Hm, was macht denn #OB1_SCAN_1?

Ist dies eine deklarierte Variable im OB1?


----------



## Jochen Kühner (15 Juni 2010)

anne schrieb:


> Hm, was macht denn #OB1_SCAN_1?
> 
> Ist dies eine deklarierte Variable im OB1?



Ja, das ist eine Variable die der OB vom SPS Betriebssystem übergeben bekommt!

Und wenn da ein wert <> 3 drinnsteht, dann ist der zyklus kein freier Zyklus, sondern der letzte war kaltstart, neustart usw...

Steht in der Step 7 Hilfe zum OB1


----------



## anne (15 Juni 2010)

Danke Jochen!

1) Demzufolge muss diese Variable #OB1_SCAN_1 wohl auch *genau* so heißen, oder?

2) Anstatt "Zyklus1" könnte man doch auch *direkt* den Merker schreiben?

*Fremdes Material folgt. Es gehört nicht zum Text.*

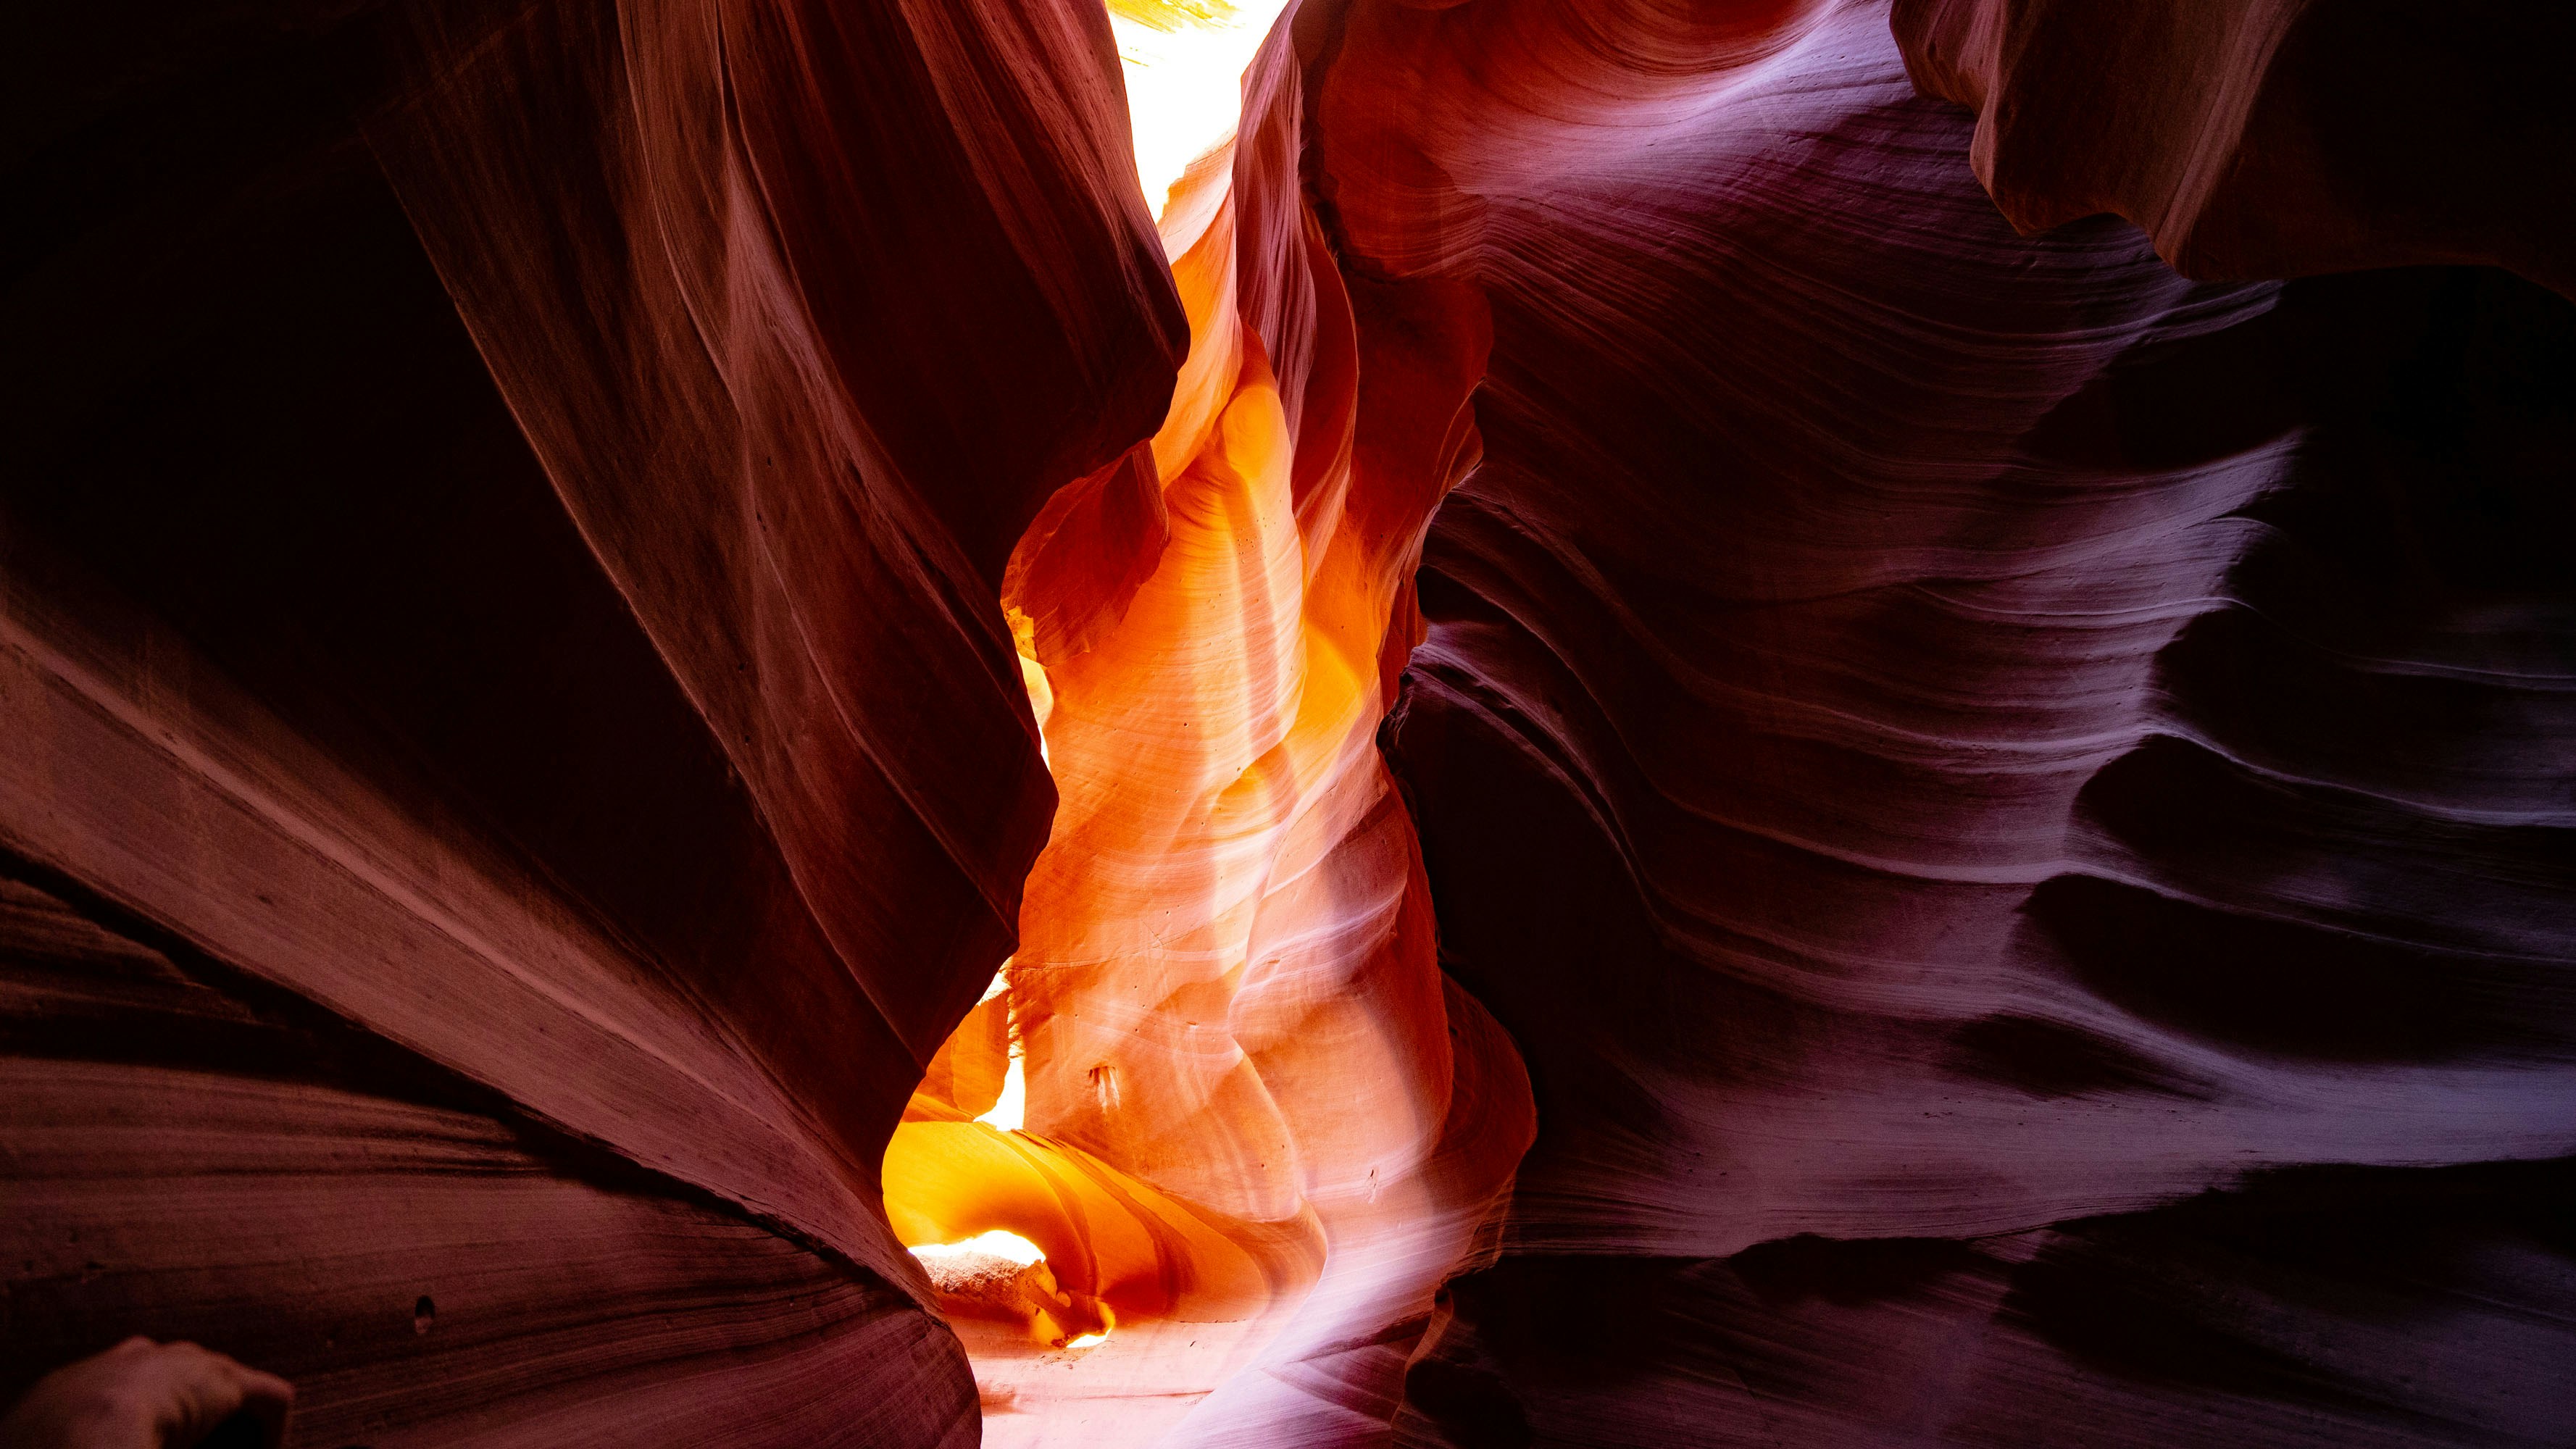 Antelope Canyon is in a very non-descript area of northern Arizona. So close to the edge of the Grand Canyon and Lake Powell, but It could be one of the most beautiful places in the world.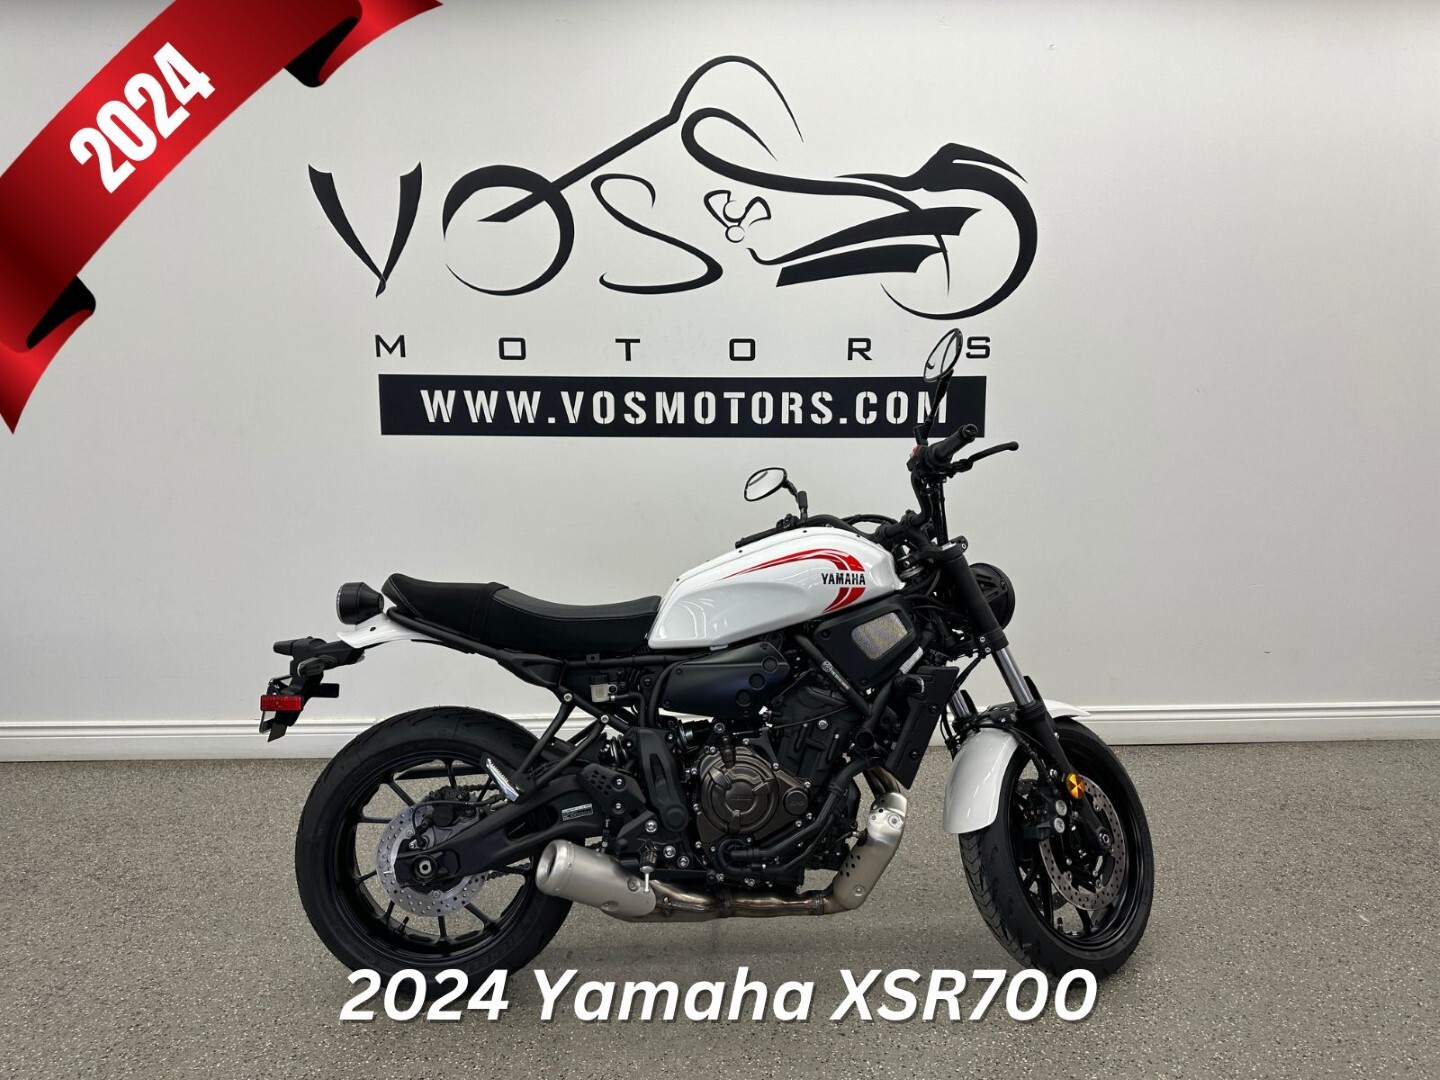 2024 Yamaha XSR700ARW XSR700ARW - V6018 - -No Payments for 1 Year**

Sorry, hab' grad kein STEP7 hier, so dass ich nicht in die Hilfe schauen kann.


----------



## Jochen Kühner (15 Juni 2010)

anne schrieb:


> Danke Jochen!
> 
> 1) Demzufolge muss diese Variable #OB1_SCAN_1 wohl auch *genau* so heißen, oder?
> 
> ...



Wenn du die OBs aus den Standart Librarys nimmst, heissen die Variablen so. Ich denke aber der name ist nicht wichtig, sondern die Adresse, also die position in der Liste!

Ja, Zyklus1 ist ja eine lokalvariable!


----------



## MSB (15 Juni 2010)

OB1_Scan_1, ist ein Byte von 20 Byte Standard-Lokaldaten im OB1,
ganz präzise das Lokalbyte 1, also LB1

Zyklus1 ist der Symbolische Name des Merkers, hier laut Kommentar vermutlich M0.2

Mfg
Manuel


----------



## PN/DP (15 Juni 2010)

Ja, es ist genauso wie MSB mittlerweile für mich beantwortet hat:
*#OB1_SCAN_1* ist eine der Standard-Lokalvariablen des OB1, siehe Hilfe zum OB1
*"Zyklus1"* ist der symbolische Name meines globalen Merkers M0.2

Gruß
Harald


----------



## PN/DP (15 Juni 2010)

*Standard-TEMP-Variablen des OB1*

Wer grad' kein Step7 zur Hand hat:
S7-300/400 System- und Standardfunktionen

Zitat:



Gruß
Harald


----------



## anne (16 Juni 2010)

PN/DP schrieb:


> *"Zyklus1"* ist der symbolische Name meines globalen Merkers M0.2
> 
> Gruß
> Harald


 
Das würde aber bedeuten, dass das Ganze noch irgendwo *aufgerufen *werden muss, damit dann der Merker M0.2* übergeben* werden kann, oder nicht?


----------



## PN/DP (16 Juni 2010)

*Anwendung Merker "ZYKLUS1"*



anne schrieb:


> Das würde aber bedeuten, dass das Ganze noch irgendwo *aufgerufen *werden muss, damit dann der Merker M0.2* übergeben* werden kann, oder nicht?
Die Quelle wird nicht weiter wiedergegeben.